The installation and working methods of the present invention will be described below in conjunction with the accompanying drawings.

The structure and assembly method of the buffer and the skid are shown in Figures 1 and 2. When the helicopter lands, the load acts on the slide tube 6, and the skid rotates around the front and rear joints 1 and 10 of the fuselage, thereby compressing buffer. When the buffer is compressed, the oil on the upper end of the damping plate 13 in the chamber A passes through the damping hole on the damping plate 13 at high speed, converting the kinetic energy into heat energy, which is transmitted to the outside through the inner and outer cylinders of the buffer, absorbing and dissipating the impact energy, and at the same time The gas pressure in cavity B increases; when the buffer load is greater than the ground load, the buffer elongates, and the skid rotates downward around the front and rear mounting points of the fuselage. When the buffer is extended, the gas pressure in chamber B pushes the floating piston to move upward, and the oil at the lower end of the damping plate 13 in chamber A flows into the upper end through the damping hole, converting kinetic energy into heat energy, which is transmitted to the outside through the inner and outer cylinders of the buffer, absorbing The impact energy is consumed, and the gas pressure in cavity B is reduced at the same time.
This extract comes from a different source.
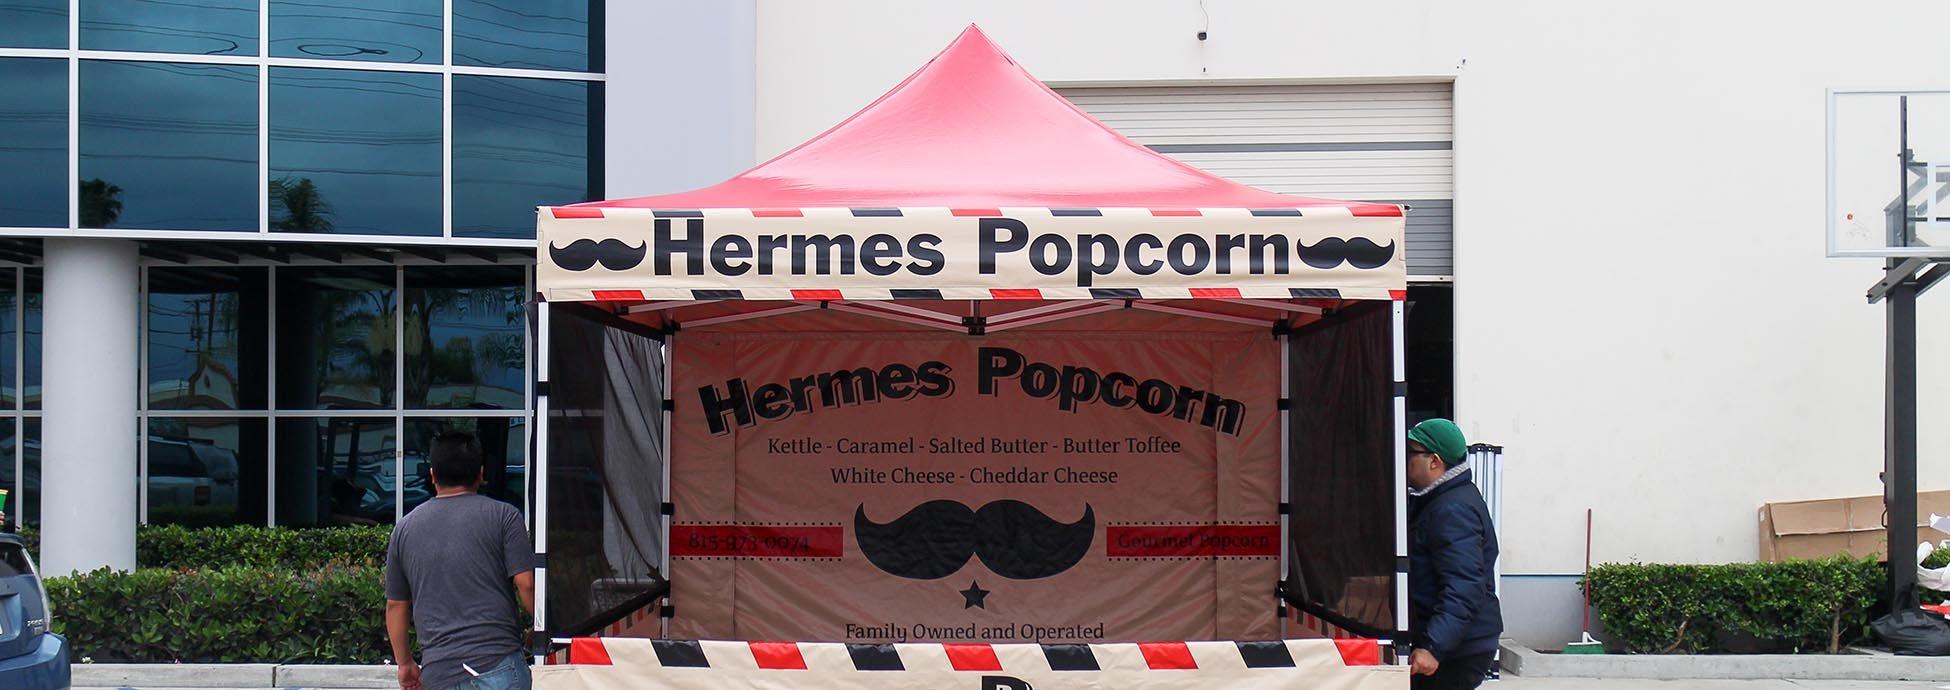 hermes-popcorn-header.jpg

The buffer absorbs and dissipates the landing impact energy of the helicopter through the positive and negative damping effect of the oil, thus playing a good buffering and vibration reduction effect.

Claims (2)

1. A skid with a buffer function, including the front joint of the fuselage (1), the front beam (2), two buffers (3), the connecting piece A (4), the connecting piece B (5), and the sliding pipe (6), connecting piece C (7), connecting piece D (8), rear beam (9), fuselage rear joint (10), wherein, the front beam (2) of the skid passes through the fuselage front joint (1) Connected to the fuselage, it can swing up and down on the vertical plane around the connection point; the front beam (2) and the sliding pipe (6) are connected through the connecting piece B (5); the connecting piece A (4) is installed on the front beam (2) , for fixed connection between the buffer (3) and the front crossbeam (2); the rear crossbeam (9) is connected with the sliding pipe (6) through the connecting piece C (7); the connecting piece D (8) is installed on the rear crossbeam (9) on, for fixedly connecting the buffer (3) and the rear beam (9); the rear beam (9) is connected to the fuselage through the fuselage rear joint (10), and can swing up and down in the vertical plane around the connection point, and the two buffers The device (3) connects the fuselage with the front weight (2) and the rear beam (9) respectively, and absorbs the vibration energy produced when the front beam (2) and the rear beam (9) swing up and down in the vertical plane. 2. The skid with buffer function according to claim 1, characterized in that, said buffer is mainly composed of outer cylinder (11), No. 1 nut (12), damping plate (13), sealing device (14) ), No. 2 nut (15), floating piston (16), inner cylinder (17), grease nozzle (18), inflation nozzle (19), the floating piston (16) is installed in the inner cylinder (17), and the damping plate (13) Installed on the inner cylinder (17), the sealing device (14) is sleeved on the outer end of the inner cylinder (17), connected through the No. 1 nut (12); the inner cylinder (17), floating piston (16), damping plate (13), the sealing device (14), and the No. 1 nut (12) penetrate into the outer cylinder (11) together, and connect through the No. 2 nut (15); the oil filling nozzle (18) is installed on the outer cylinder (11); the inflation nozzle (19) is installed on the inner tube (17).